# Provided material
======

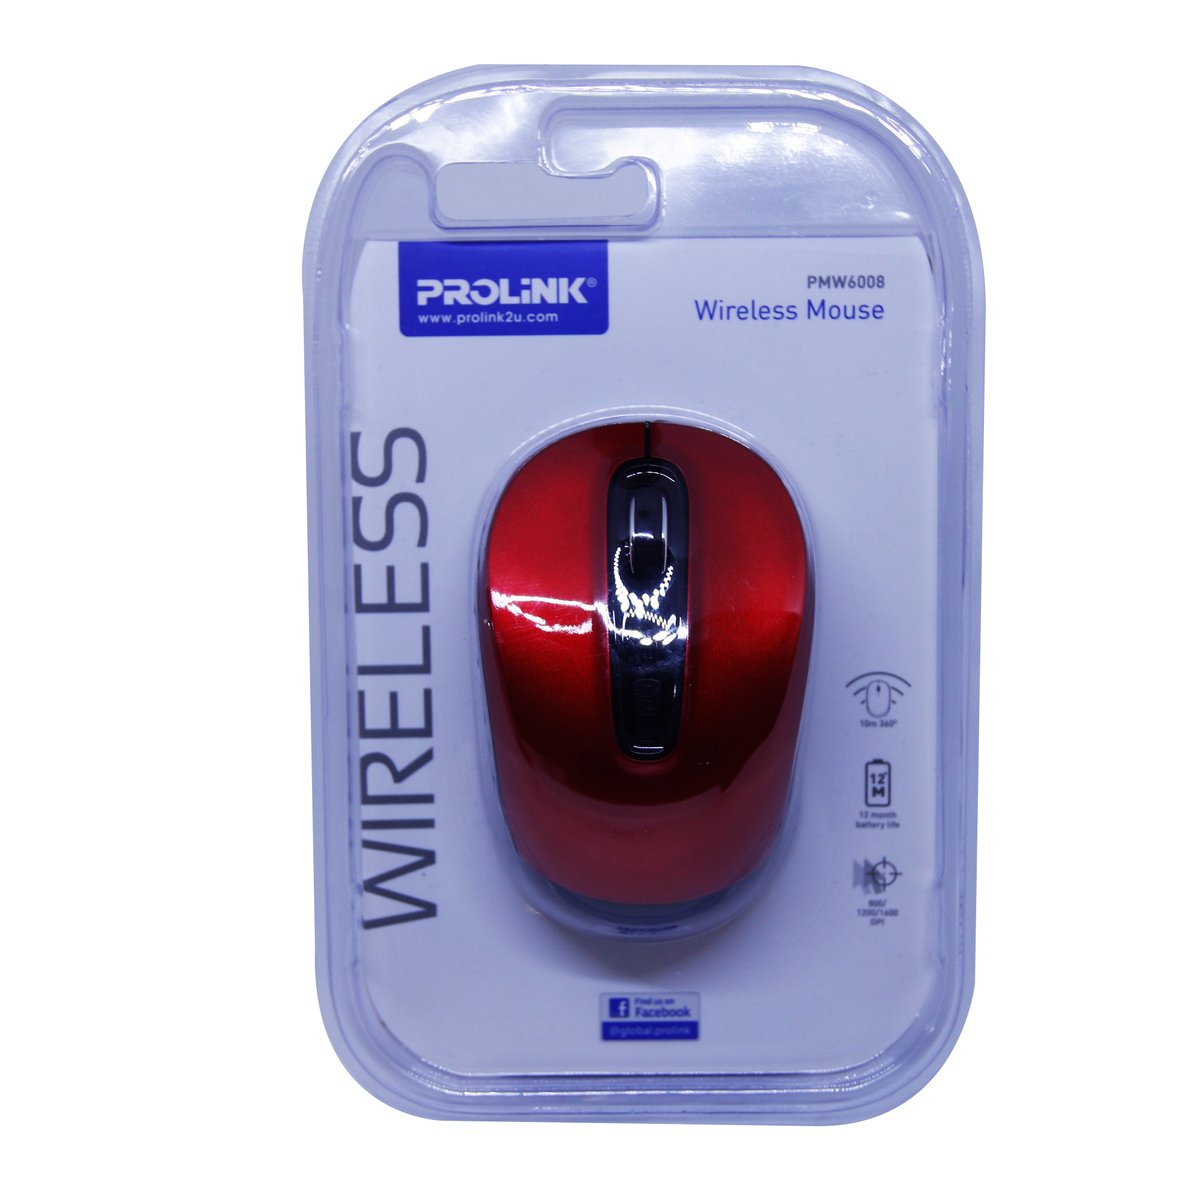 Prolink Mouse Wireless PMW6008 Red
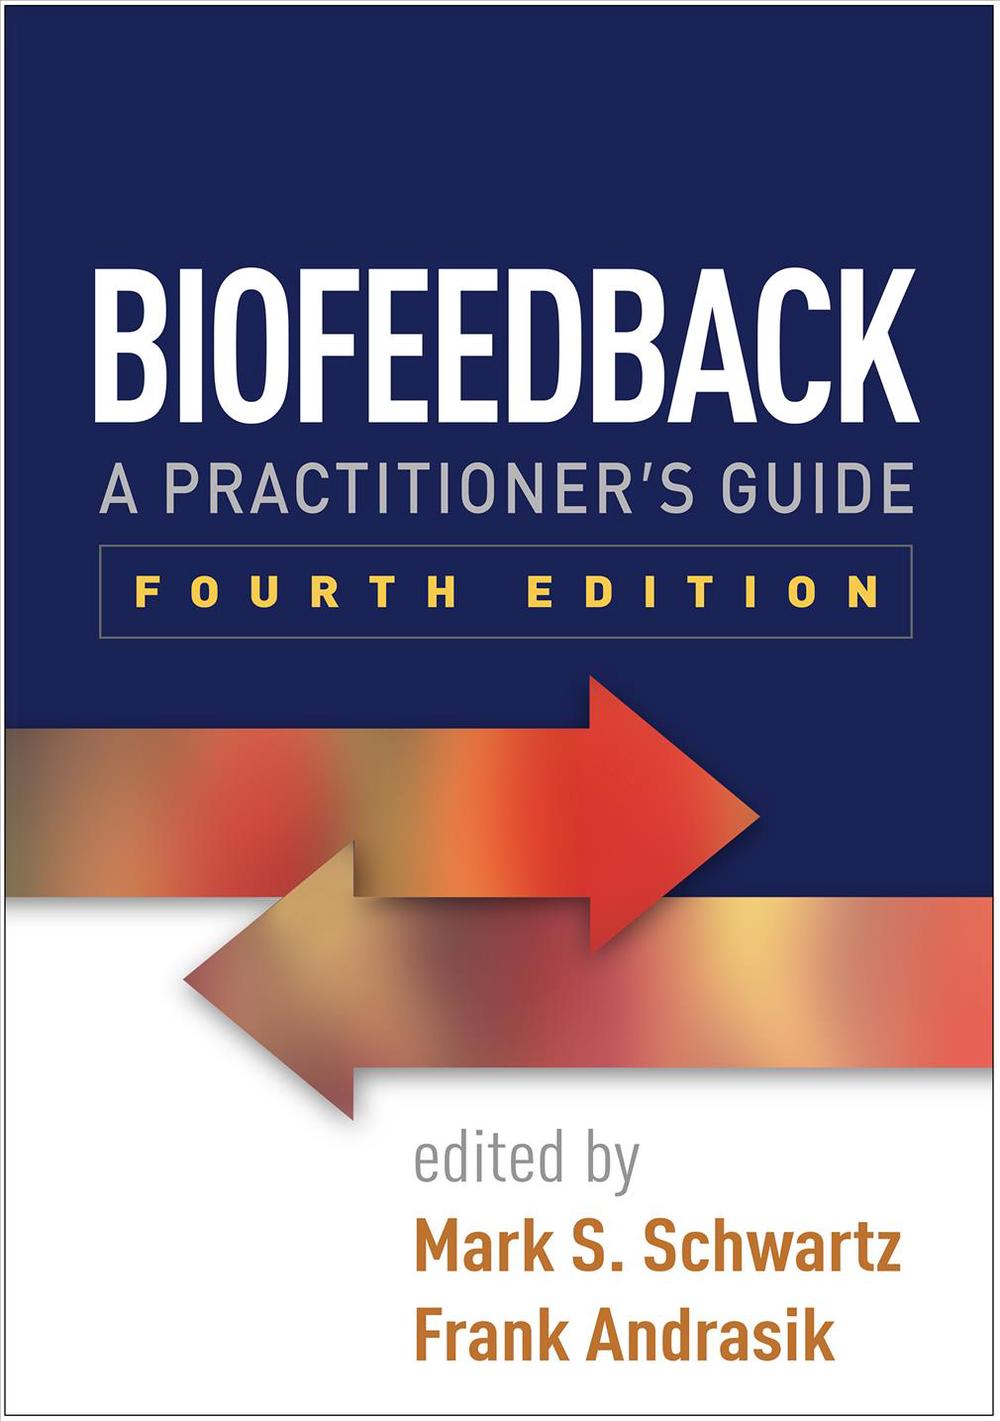 Biofeedback a practitioner's guide, 4th ed.
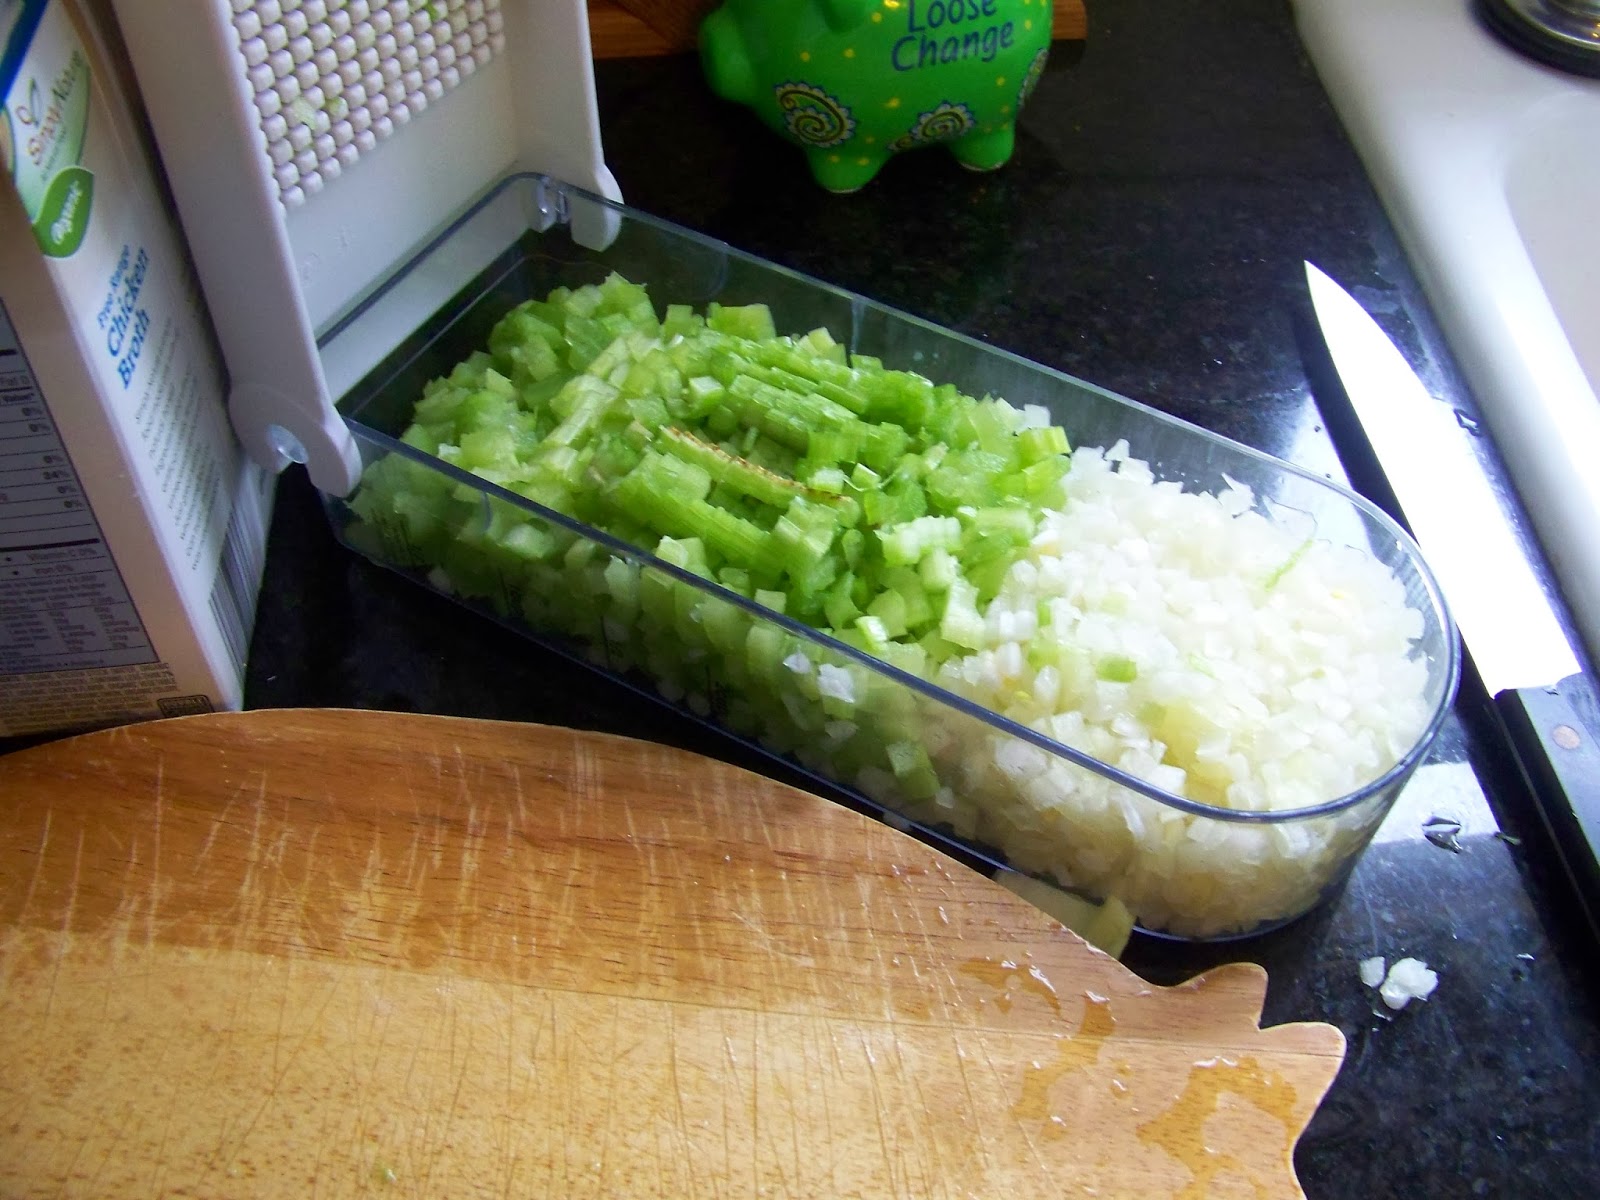 the chopped celery and onion

======

# Work item
Return the material exactly as it reads, though without the pictures it holds.

# Finished exercise
 Prolink Mouse Wireless PMW6008 Red
 Biofeedback a practitioner's guide, 4th ed.
 the chopped celery and onion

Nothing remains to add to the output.